Во-первых, хотя философы данного направления смогли предельно сблизить Бога и Человека, важнейший аспект христианства человек не просто как одна из ипостасей Бога, а человек как Его Творец оказывается в их учениях отсутствующим.

Интересно
А значит, остается неполным и до конца не доведенным рефлексивное единство субъекта и объекта. Конечно, любой вариант онтологического силлогизма в определенной степени («в себе») является и особой теоретической формой сотворения Бога, ибо без обращения к внешнему миру теоретически строго можно обосновать бытие только той реальности, которая имеет с мышлением человека внутреннюю, имманентную связь.

Однако до тех пор, пока сама идея Бога рассматривается как преднаходимая в мышлении человека предпосылка, это сотворение остается сотворением «в себе», т. е. для самого себя неясным и от себя скрытым.

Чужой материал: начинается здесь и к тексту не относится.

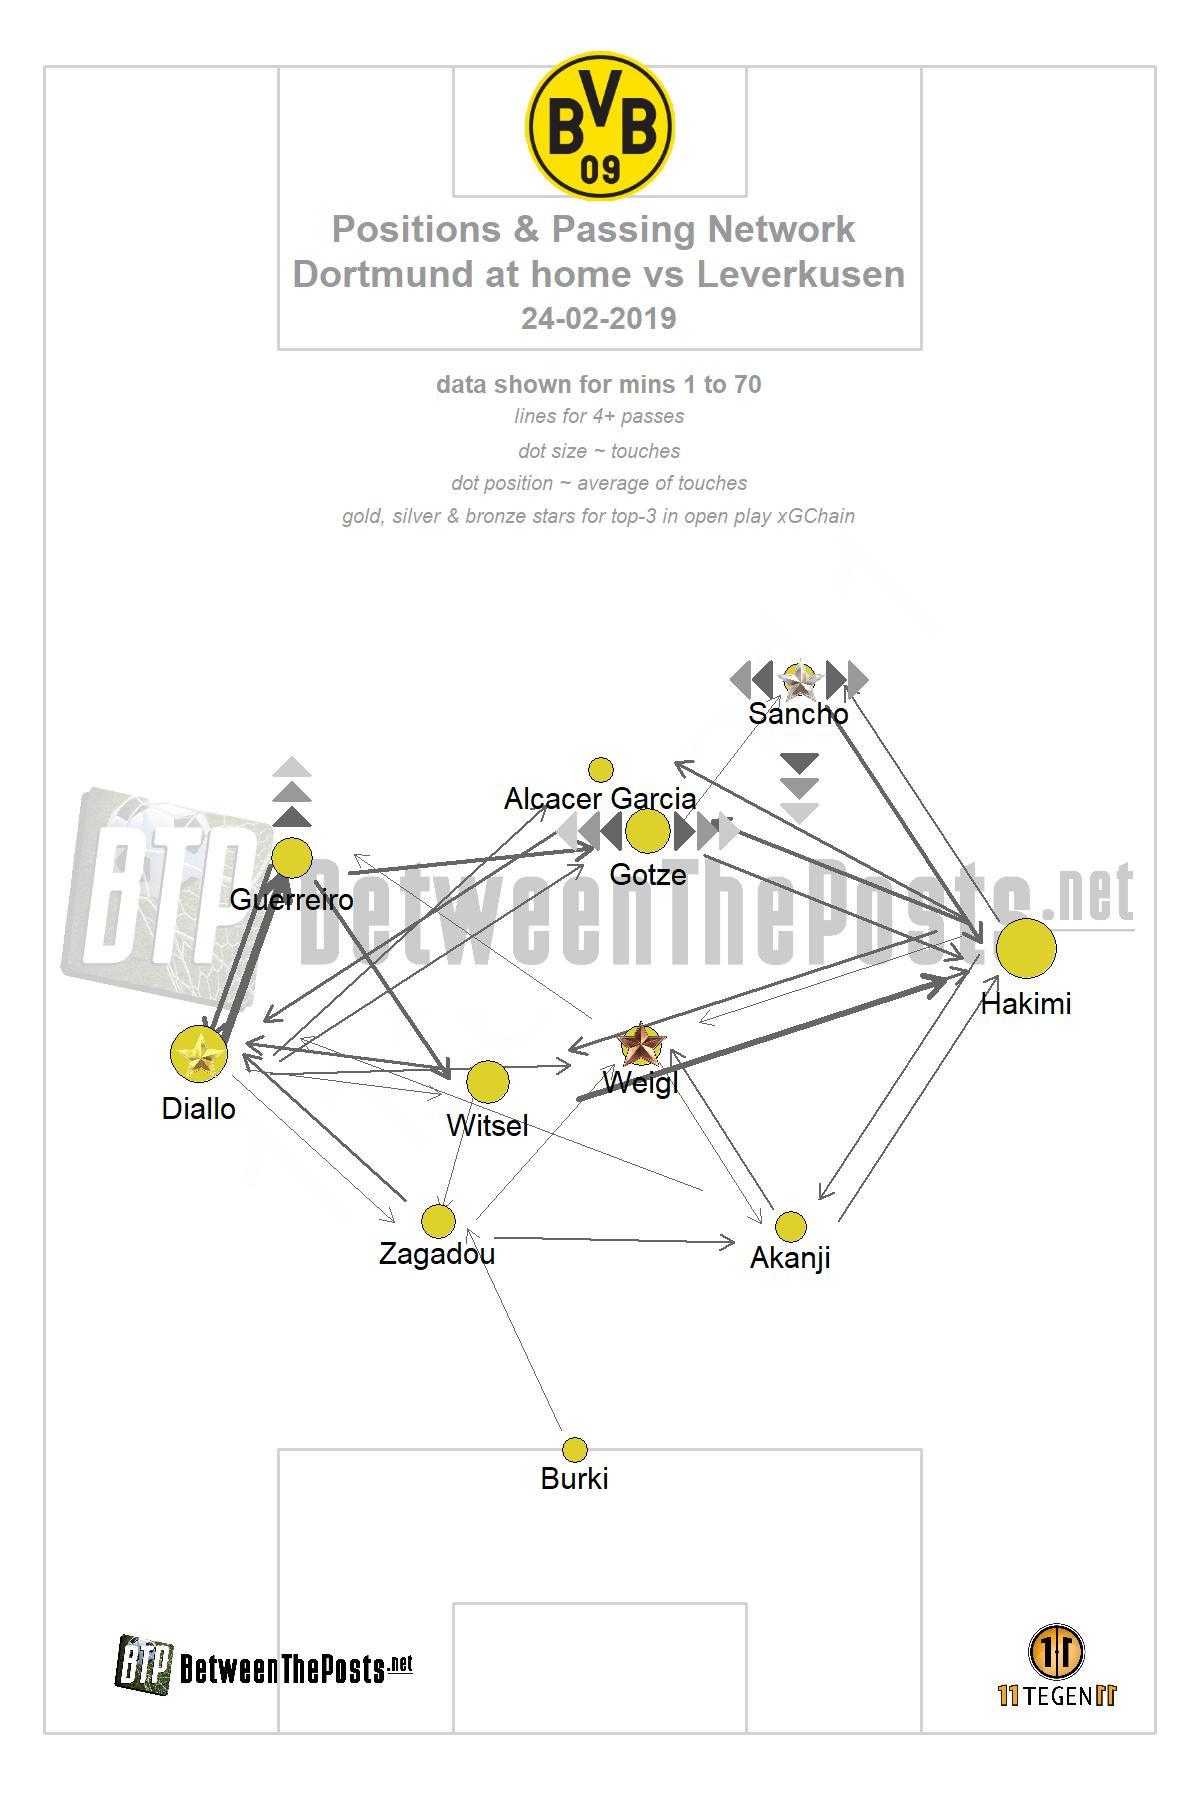 Passmap Borussia Dortmund - Bayer Leverkusen 3-2 Bundesliga
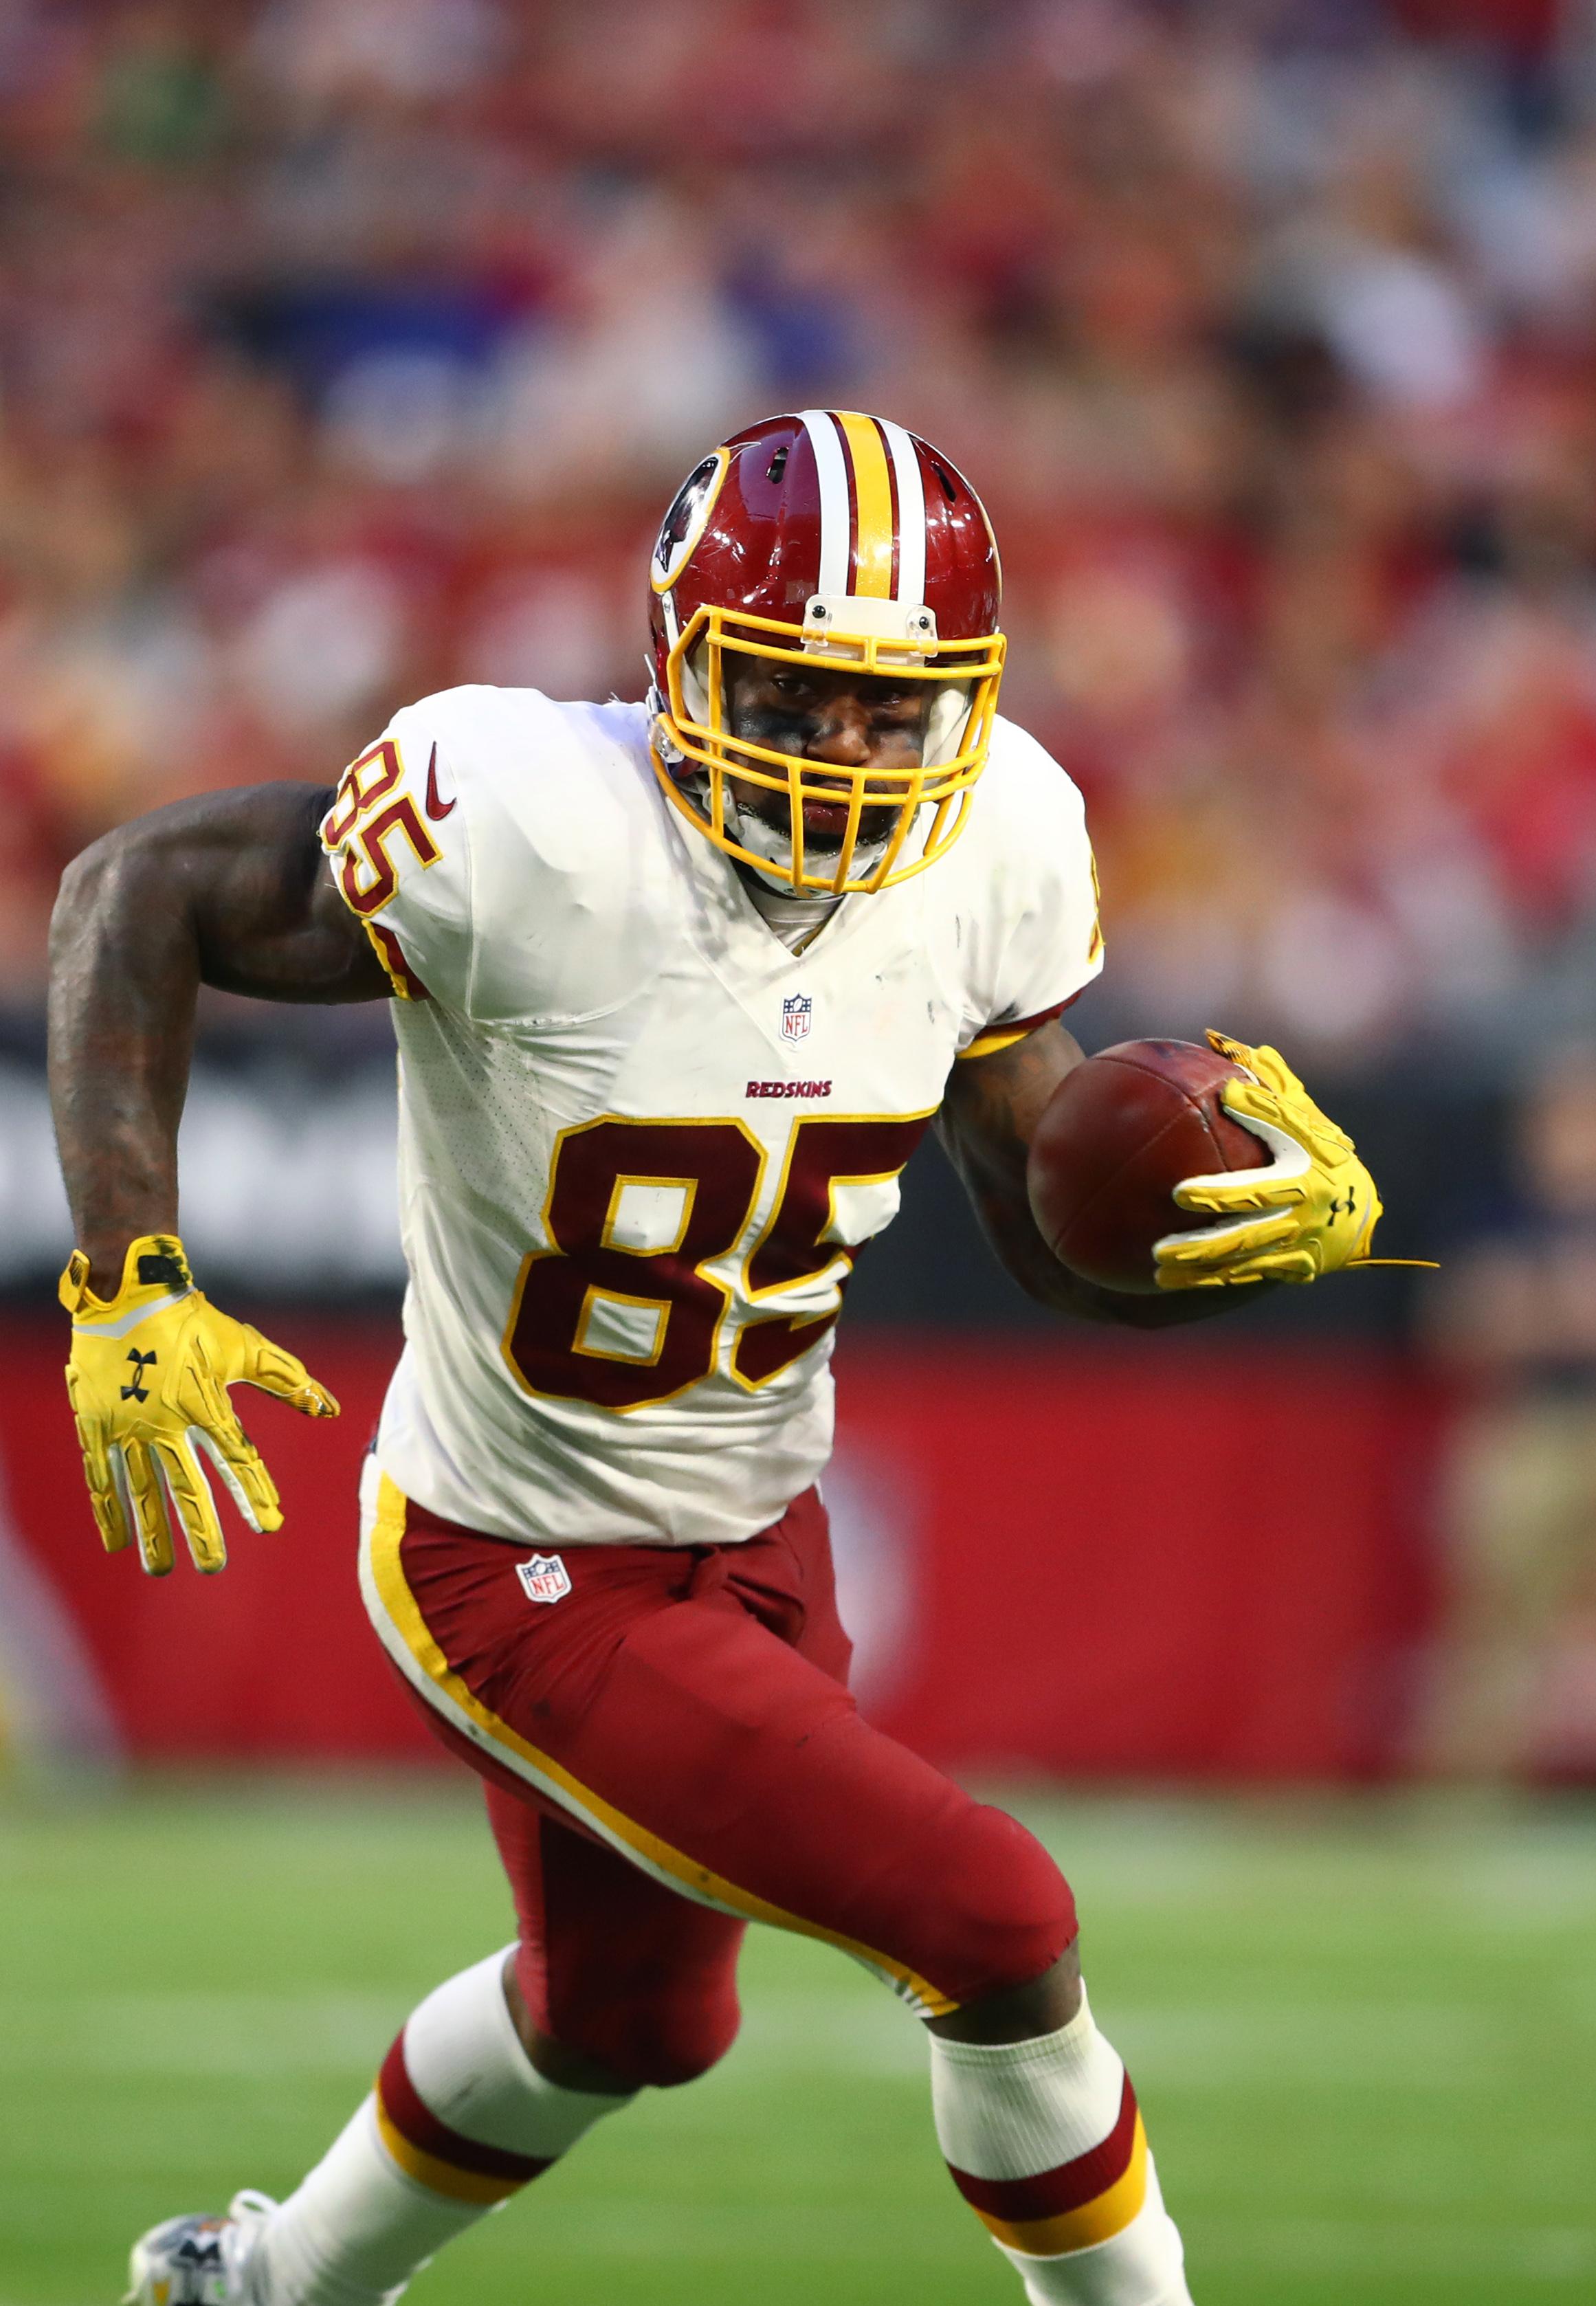 online store 7a84d 9469c Redskins Re-Sign TE Vernon Davis

А значит, и само онтологическое доказательство оказывается для себя не до конца проясненным и не до конца отрефлексированным.

Во-вторых, соединяющий дух и материю Бог появляется здесь не в определенности Богочеловека (субъекта), а в определенности субстанции, что, естественно, приводит к исчезновению из онтологической системы важнейшей категории свободы (как раз этот аспект картезианства наиболее полно оказался высвечен Спинозой).

Мышление человека, с одной стороны, становится здесь имманентной частью системы (и это важнейший момент в построении Р. теории социума, отчасти воспроизведенный в социальных учениях Гегеля и Маркса), однако, с другой практически полностью утрачивает свою специфику и свободу.

В-третьих, при построении Р. онтологии теоретическое движение мысли в этих учениях начинается с чисто эмпирической предпосылки идея Бога лишь случайным образом отыскивается в мышлении человека, а возникновение ее оказывается никак не связанным с имманентными законами этого мышления.